The Moderna company, which has the same three letters in its name, had been able to design its vaccine in January, on the weekend after Chinese scientists posted the genetic sequence of COVID-19 online for all to see. Moderna had shipped the first batch of an actual vaccine to the National Institute of Allergy and Infectious Diseases (NIAID) in Bethesda, Maryland, on Feb. 24. Another promising mRNA vaccine from Pfizer soon followed.

The Trump administration’s Operation Warp Speed had in fact expedited the clinical trials and official approvals. But that success had perversely coincided with Trump’s effort to minimize the pandemic and undercut the known precautions. (Maybe call it Operation Warped Speed.)

On Dec. 16, Haacke was vaccinated. He was given an official CDC card reading, “COVID-19 Vaccine Record Card,” with the handwritten notation “Pfizer EH19009.”

But if Haacke had gotten it at warp speed, a warped truth remained: Tens of thousands of lives could have been saved if we had all followed what was established while flattening the curb during that first wave last spring.

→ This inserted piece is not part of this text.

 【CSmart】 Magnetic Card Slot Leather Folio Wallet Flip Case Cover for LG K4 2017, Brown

“We know that the things work if you look at the data from across the world,” Haacke said. “We’re still arguing about whether to make it work or not. What f---?”

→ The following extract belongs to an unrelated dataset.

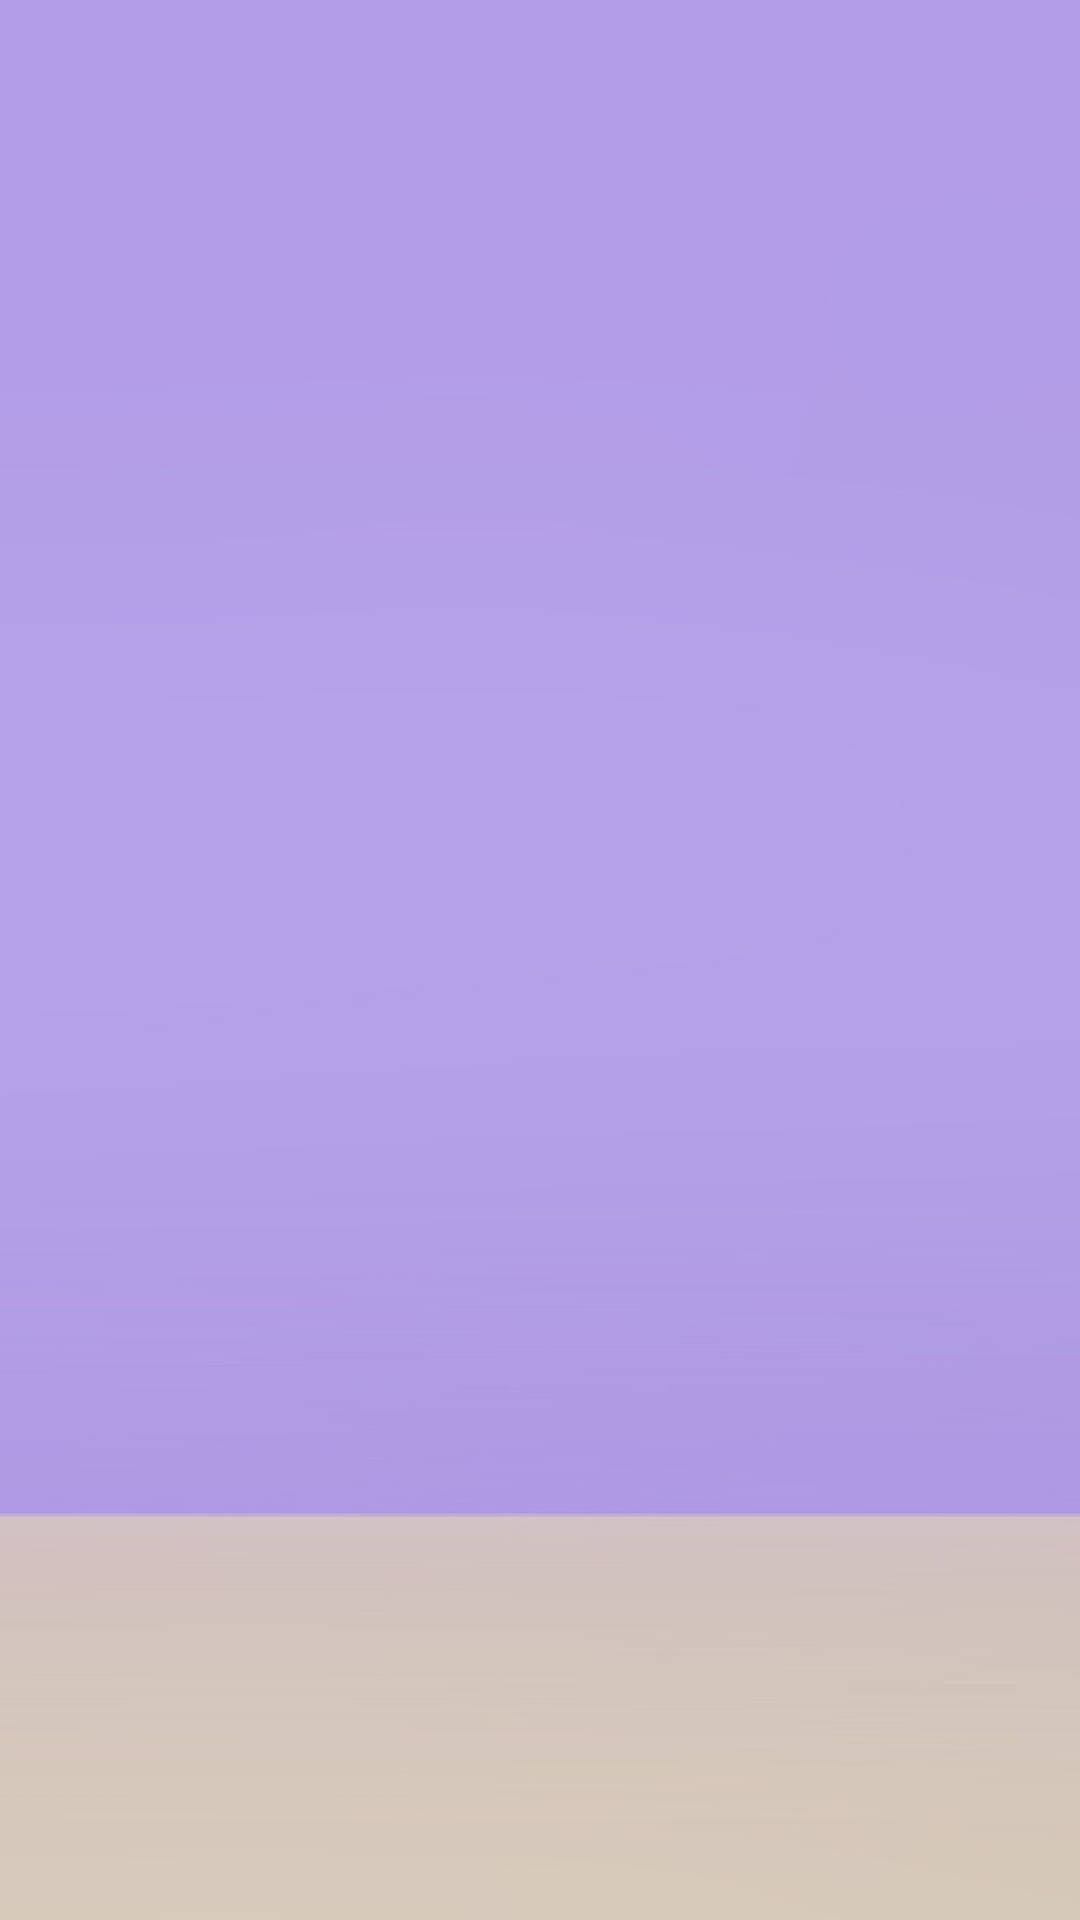 Light Purple Iphone With White Bottom

He added, “This is real. This is still happening and this didn't need to happen.”

The day after a Christmas that saw millions of Amercians ignore pleas by public health officials or stay home, Haacke posted a plea of his own on Facebook.

I'm not going to not make a scene about the 400k healthcare workers infected so far or the 2000 plus that have died. I'm...

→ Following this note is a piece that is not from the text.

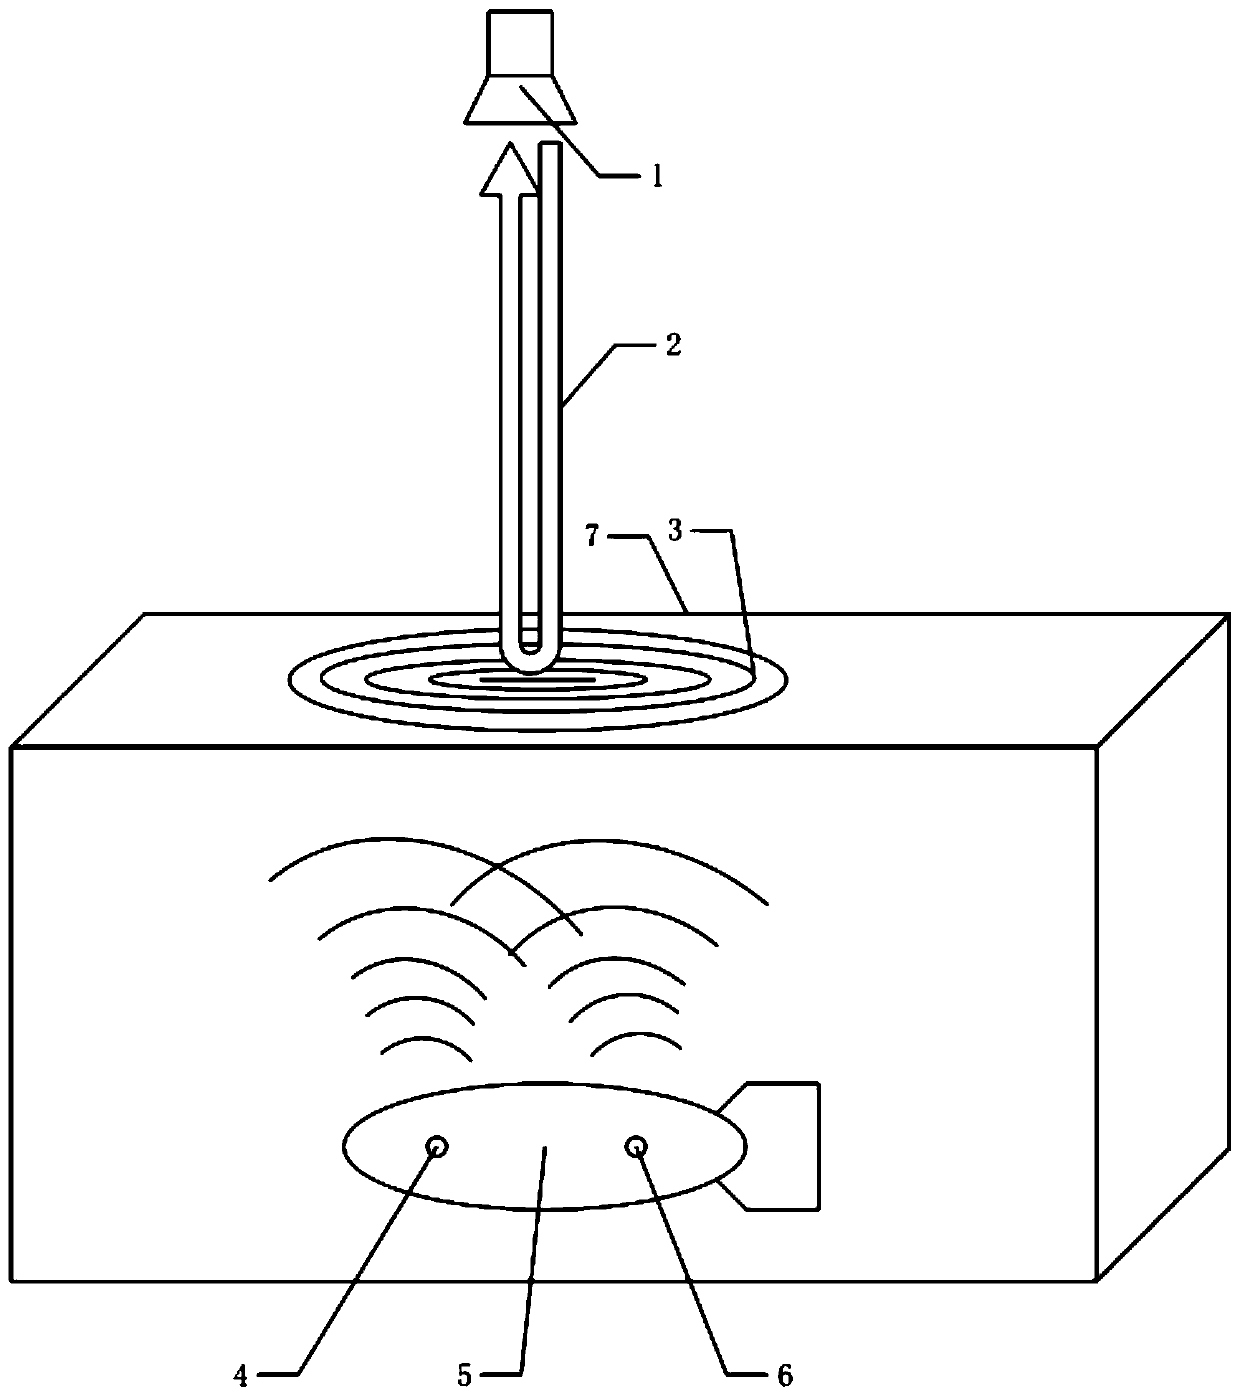 Acoustic-optical-based cross-medium covert communication system and method

Posted by John Haacke on Saturday, December 26, 2020

“I'm not going to not make a scene about the 400k healthcare workers infected so far or the 2000 plus that have died. I'm tired of hearing the pain and fear in people's voices that I've known for decades; people that I love. We aren't ‘Heroes,’ we're doing our job. It would be great if you stopped running around like plague rats. We have to round you up and you're getting us sick and killing us.”

Two days later, Haacke was able to get away for a brief sail on the upper Chesapeake Bay in the boat whose name contains the letters that proved as promising as he anticipated and now offered actual hope. He then returned to the ICU, where a post-Christmas surge is expected to hit in the first days of the New Year.

“We won’t see the Christmas surge for about 10 days,” he said on Monday “Just coming off the Thanksgiving surge. So yeah, it's going to get ugly again in about two weeks.”

As ugly as 2020 is ending, and as ugly as 2021 is all but certain to start, we remain a country of heroic health-care workers such as Haacke, along with brave first responders and intrepid scientists and resourceful teachers and helpful neighbors and just plain decent folks.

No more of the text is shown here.